| Abstract|| |
Introduction: Dexmedetomidine is an alpha-2 agonist used for conscious sedation. It has also been shown to have a myocardial protective effect in off-pump coronary artery bypass patients. The aim of the study was to assess the effect of dexmedetomidine for myocardial protection in percutaneous coronary interventional patients. Methodology: A total of 60 patients (group dexmedetomidine, n = 30 and group normal saline, n = 30) were enrolled in the study. Dexmedetomidine infusion (1 mcg/kg) over 15 min was given as a loading dose after coronary angiography in group dexmedetomidine (D) while normal saline was given in the control group (C) and later maintenance infusion was started at 0.5 mcg/kg/h in both the groups. Coronary vessel diameter was noted before (T0) and after (T1) loading dose of dexmedetomidine/saline in each group. Troponin T (Trop T) values were noted at baseline (T0), 6 h (T2), 12 h (T3) and 24 h (T4) after starting the loading dose. Hemodynamic variables (heart rate [HR] and blood pressure) were monitored at T0, T1, and at regular intervals till 2 h postprocedure. Results: Coronary vessel diameter and HR significantly decreased in group D as compared to control group (P < 0.05) whereas the decrease in Trop T at 6 h, 12 h, and 24 h were not statistically significant between the two groups. Conclusion: Dexmedetomidine decreases the coronary vessel diameter, but maintains the myocardial oxygen demand-supply ratio by decreasing the HR. The decrease in Trop T is statistically insignificant at the doses used.

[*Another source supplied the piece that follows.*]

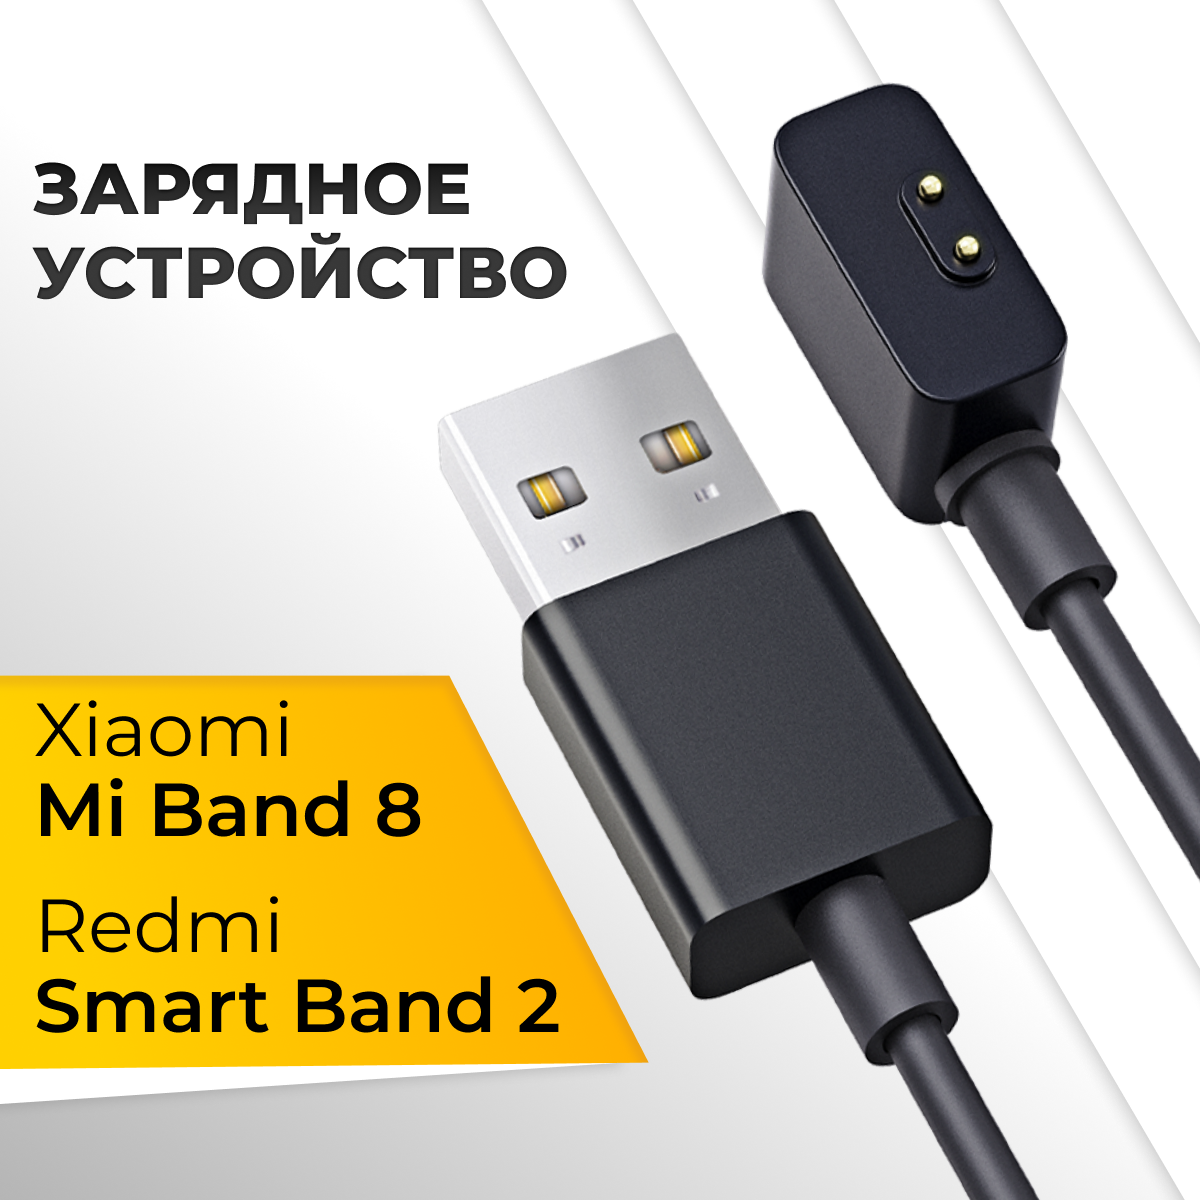 Зарядное устройство для фитнес браслета Xiaomi Mi Band 8, Redmi Smart Band 2 / Зарядка для смарт часов Сяоми Ми банд 8, Редми Смарт банд 2 / Черный

Keywords: Dexmedetomidine; Percutaneous coronary intervention; Troponin
|How to cite this article:|
Kundra TS, Nagaraja P S, Singh NG, Dhananjaya M, Sathish N, Manjunatha N. Effect of dexmedetomidine on diseased coronary vessel diameter and myocardial protection in percutaneous coronary interventional patients. Ann Card Anaesth 2016;19:394-8
|How to cite this URL:|
Kundra TS, Nagaraja P S, Singh NG, Dhananjaya M, Sathish N, Manjunatha N. Effect of dexmedetomidine on diseased coronary vessel diameter and myocardial protection in percutaneous coronary interventional patients. Ann Card Anaesth [serial online] 2016 [cited 2021 Aug 4];19:394-8. Available from: https://www.annals.in/text.asp?2016/19/3/394/185517
| Introduction|| |
Myocardial injury in acute myocardial infarction (MI) is due to both ischemic as well as reperfusion injury. Reperfusion can cause hyperkalemia,  arrhythmias and a rise in cardiac enzymes (Troponin I and T and creatinine phosphokinase-MB (CPK-MB)). A number of strategies have been used to prevent lethal myocardial reperfusion injury in patients undergoing percutaneous coronary interventional (PCI) procedures. Mechanical interventions include remote ischemic preconditioning, therapeutic hypothermia and therapeutic hyperoxemia, whereas pharmacological interventions include adenosine, anti-inflammatory agents, atrial natriuretic peptide, atorvastatin, erythropoietin, glucose insulin potassium therapy and sodium nitrite. 
Dexmedetomidine is a selective alpha-2 agonist which may shrink the coronary arteries and reduce coronary blood flow. , But at the same time, dexmedetomidine reduces heart rate (HR) and consequently the myocardial oxygen demand. Hence, we postulate that dexmedetomidine should maintain the myocardial oxygen demand-supply ratio. In addition, dexmedetomidine results in sympathetic blockade, as it affects the alpha-2 receptors in the central nervous system and restrains the release of central sympathetic neurotransmitter (predominantly norepinephrine).  Patients undergoing PCI have a lot of stress response and hence, dexmedetomidine may be useful to alleviate anxiety which can also decrease the oxygen demand and improve the oxygen demand-supply ratio.
Dexmedetomidine has been shown to have a protective effect on myocardial ischemia/reperfusion (I/R) injury in rats , and decreases the incidence of arrhythmias. However, there is limited literature on the effect of dexmedetomidine during I/R injury in PCI patients.
Hence, the aim of the study was to assess the effect of dexmedetomidine on coronary vessel diameter and myocardial protective effect in patients undergoing PCI.
| Methodology|| |
After Institutional Ethics Committee approval, a prospective double-blind randomized controlled trial was conducted. A sample size of 60 was calculated based on a previous study. 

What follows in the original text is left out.